Charles Taylor
Private 16856 - Sherwood Foresters
Notts and Derby Regiment 12th Battalion
Enlisted: Mansfield September 1914
Killed in Action Somme 12th August 1916 : Aged 19
Thiepval Memorial - Pier and Face 10 C 10 D and 11 A
Private 16856 Charles Taylor was born 1897 in Hucknall Huthwaite. Parents 1894 marriage between coal miner Mr John Taylor from Pilsley and Miss Paulina Allsop from Hucknall-under-Huthwaite presented first two children born in Tibshelf. Son William 1885 and daughter Pricilla 1886 were relocated to home future family 4 Mill Cottages off Sutton Road.
Young Chas is listed from Huthwaite 1901 census. Its where father John had gained underground Deputy position at New Hucknall Colliery. Sons started work as Coal Miner Gangers, including Charles sharing interests with a newly built Parish Church by time 1911 census identifies fullest household. Headed by John 48, Mrs Paulina Taylor 37, is then left mothering five sons, John Percy 16, Charles 14, Arthur 12, Sydney 10, Leonard 9.
Pte Charles Taylor joined Bible Class chums and work colleagues who heard pit-top appeals for army volunteers at the outbreak of war. His September 1914 Mansfield enlistment offered service number 16856 among the local Notts & Derbys Regiment. Their Sherwood Foresters 12th Battalion were drafted to France in 1915.
Private C Taylor was killed in action a year later under shellfire. Thiepval Memorial commemorates all those with no graves through fierce Battle of the Somme. Huthwaite Cenotaph and Parish Church locally lists Roll of Honour. A stained glass window also names lost members of the Young Mens Bible Class when Chas was organ blower.

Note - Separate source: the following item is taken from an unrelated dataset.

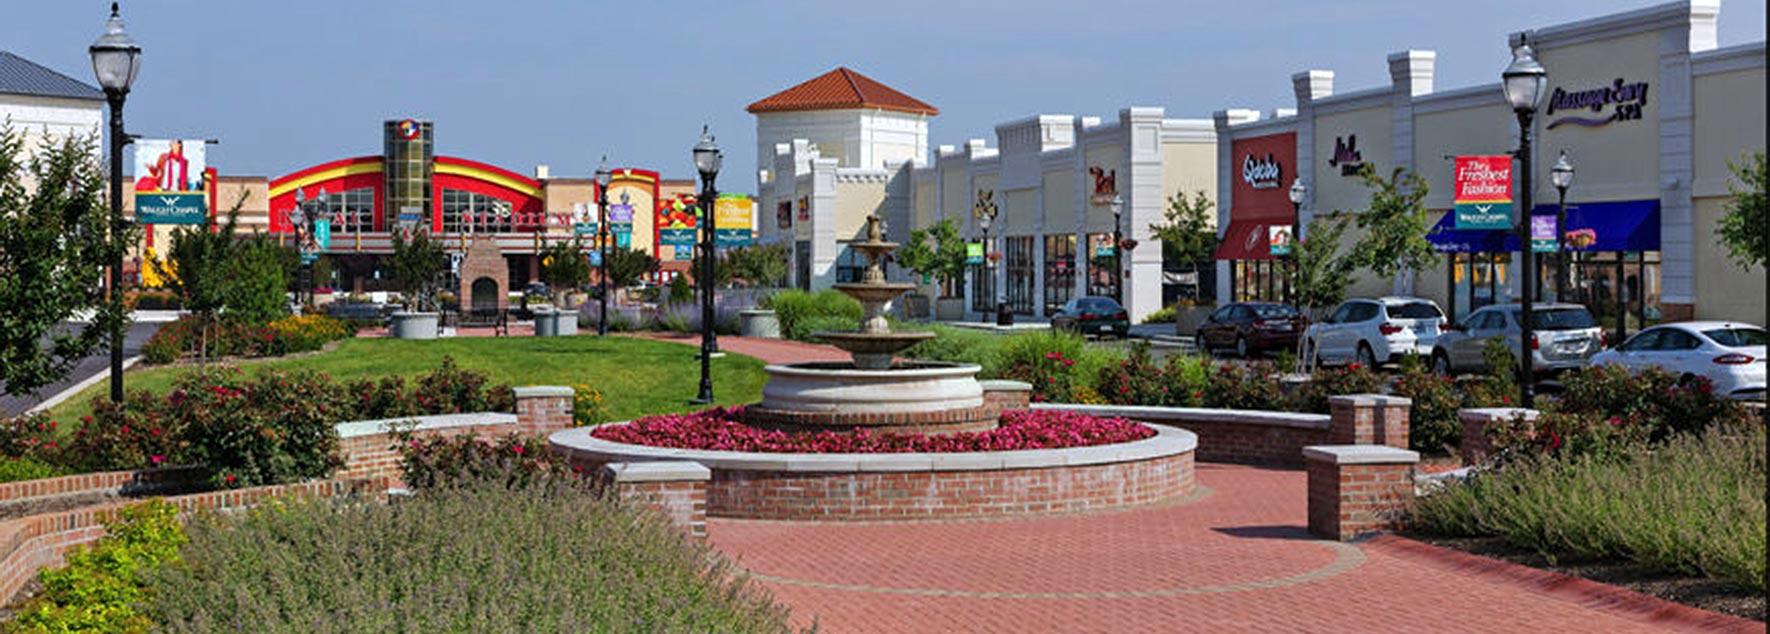 neighborhood-amenities-maryland-real-estate1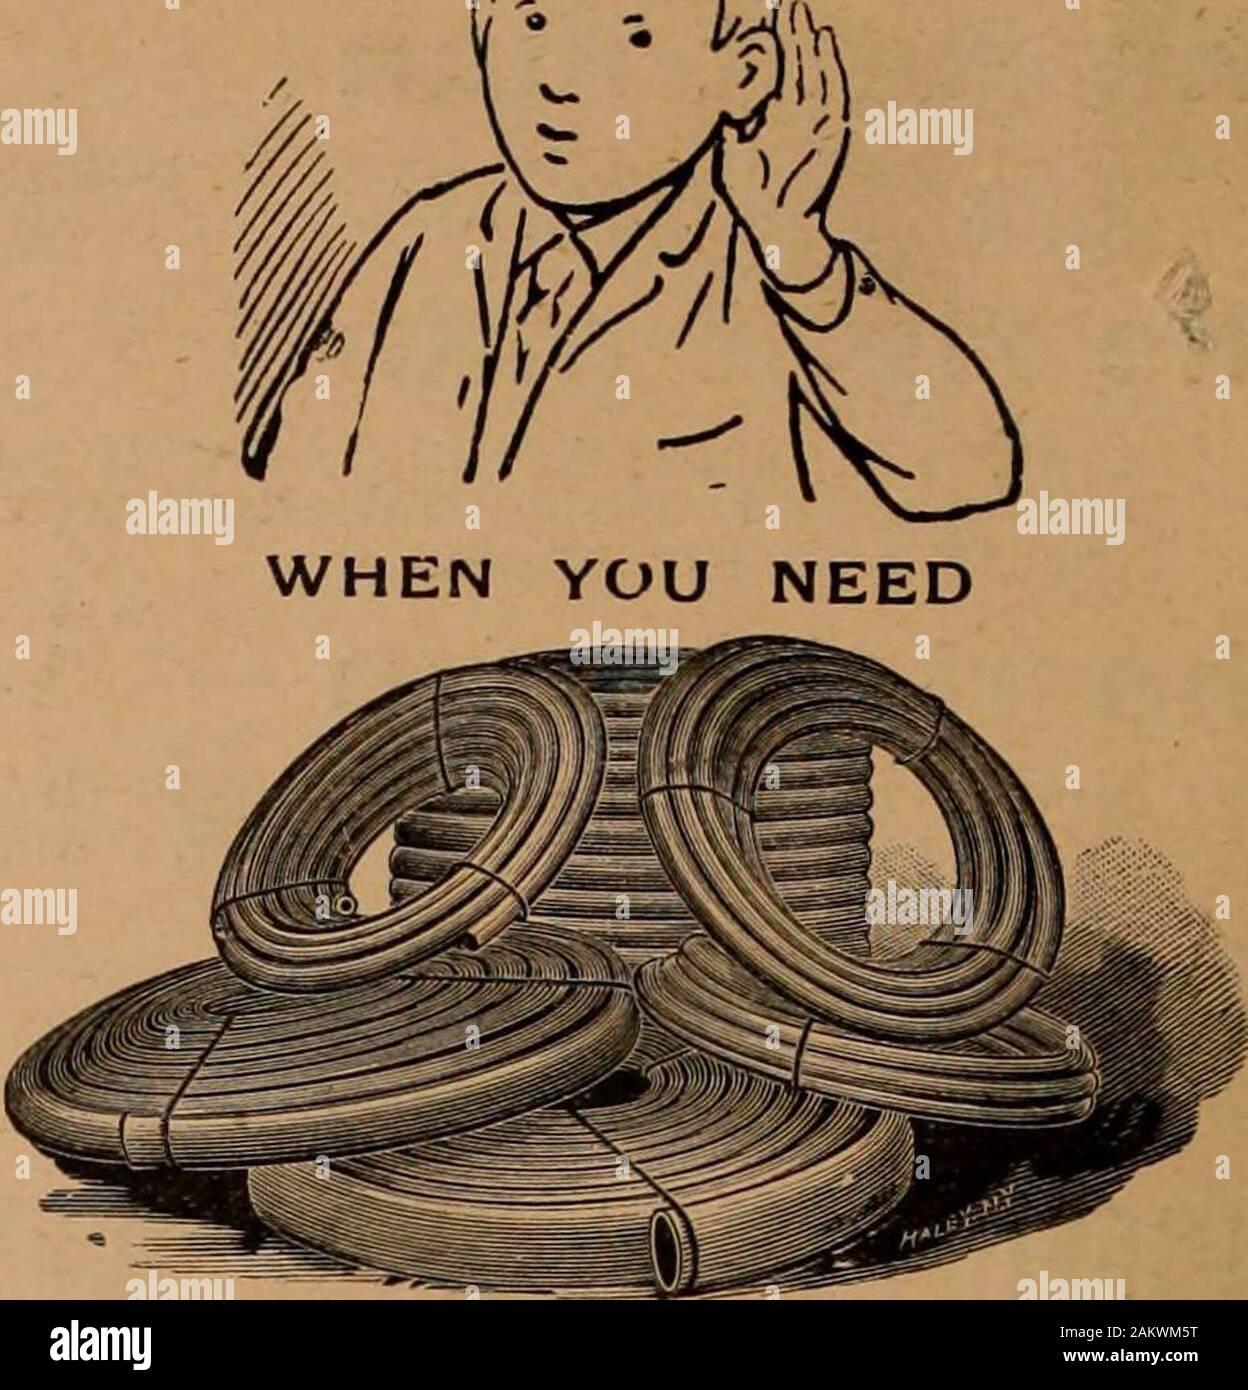 """Entre enero y junio de 1897 merchandising de hardware . Inc. 1895 Black Diamond Works Archivo G. y H. Barnett Empresa PHILADELPHIA 12 -c^ S>""""- ^**. Medallas concedidas por los jurados * Exposiciones Internacionales especial premio medalla de oro en Atlanta, 1895 """""""" &. &Gt*; queremos oír. -. I* la manguera de goma. Nuestras marcas la cruz maltesa. Calidad Extra, (negro o blanco). Kinkproof, (cable obligado)León, King, líder, competencia, Faiiy, (algodón). La Cutta Pergha y Goma DE TORONTO Mfg. Co., Ltd. 61-63 FRONT ST. WEST, Toronto. Foto de stock"""

Official intimation has been received of the death of Private Chas. Taylor, 16856, A Company, 12th. Battalion Sherwood Foresters, a son of Mr. and Mrs J. Taylor, of 4, Mill Cottages, Huthwaite. A letter sent to Sutton by a soldier friend tells how he was killed on the 12th. of August by a shell while out with a bombing party. Private Taylor had written home on the same date, and was killed in the evening, the official intimation being received on the 23rd. Private Taylor was only 19 years old, and was previously employed at New Hucknall Colliery. He joined the army in September, 1914, as a result of an appeal on the pit-top to the miners by Col. Rolleston and others. He had been in France just a year, and during that period had not been home on leave. Formerly he attended the Parish Church, and officiated as organ blower.